## ENTRIES SHOWN:
------------------------

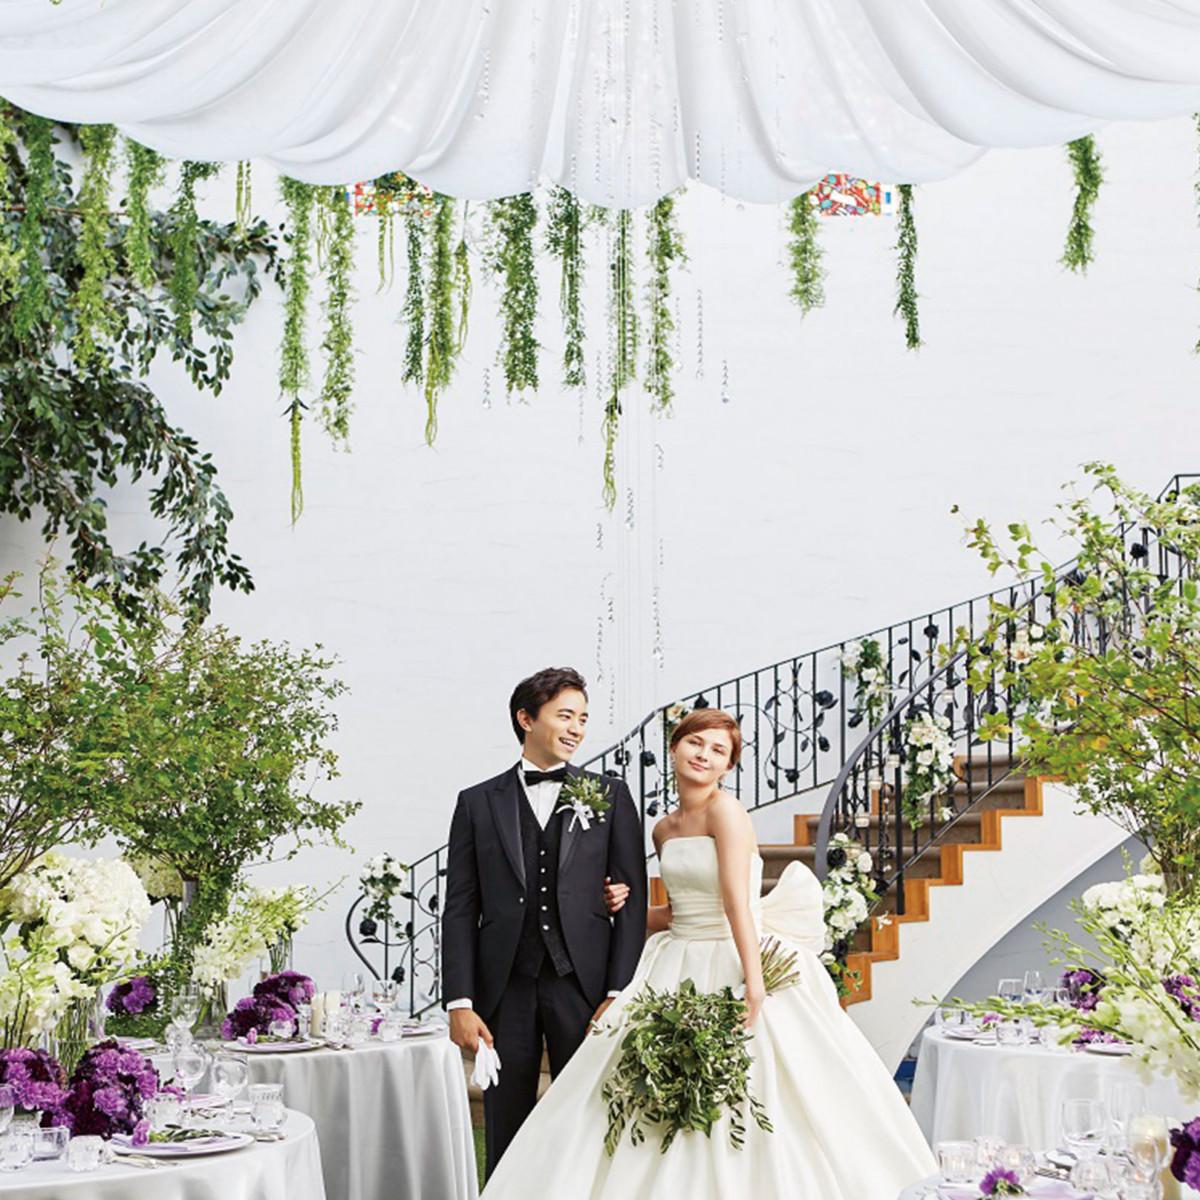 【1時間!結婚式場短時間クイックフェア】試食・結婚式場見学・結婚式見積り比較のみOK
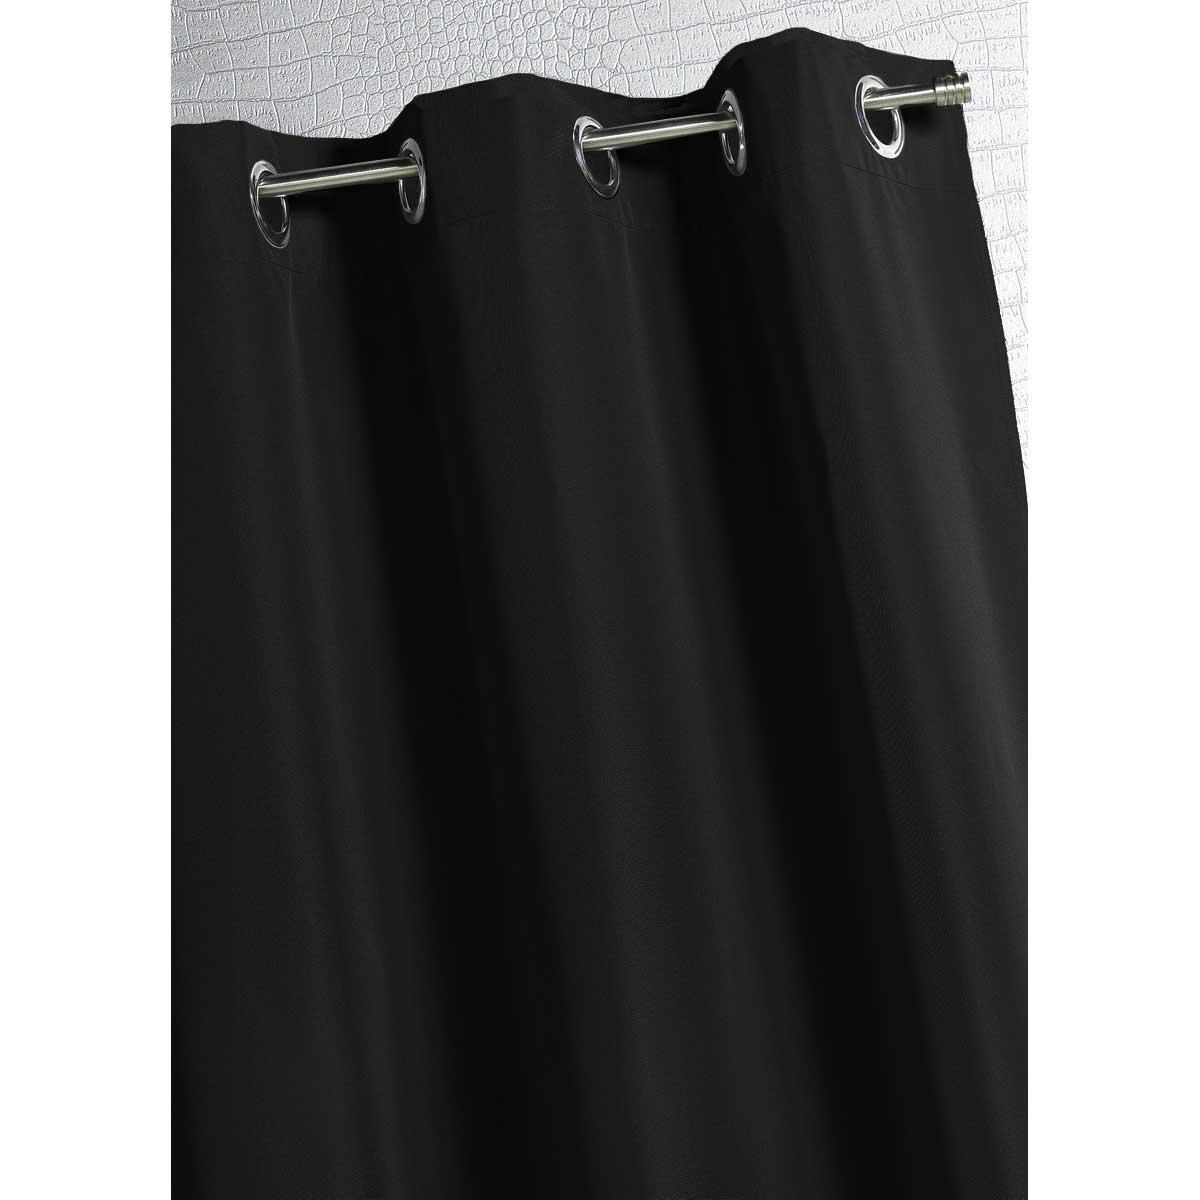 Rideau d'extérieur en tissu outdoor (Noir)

------------------------

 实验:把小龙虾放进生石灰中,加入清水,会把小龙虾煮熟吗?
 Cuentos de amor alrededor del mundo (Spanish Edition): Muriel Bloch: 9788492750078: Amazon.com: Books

------------------------

## YOUR GOAL:
Using the data above, reproduce exactly the lines between those holding "实验:把小龙虾放进生石灰中,加入清水,会把小龙虾煮熟吗?" and "Cuentos de amor", inclusive, and no others.

## WRITTEN ANSWER:
 实验:把小龙虾放进生石灰中,加入清水,会把小龙虾煮熟吗?
 Cuentos de amor alrededor del mundo (Spanish Edition): Muriel Bloch: 9788492750078: Amazon.com: Books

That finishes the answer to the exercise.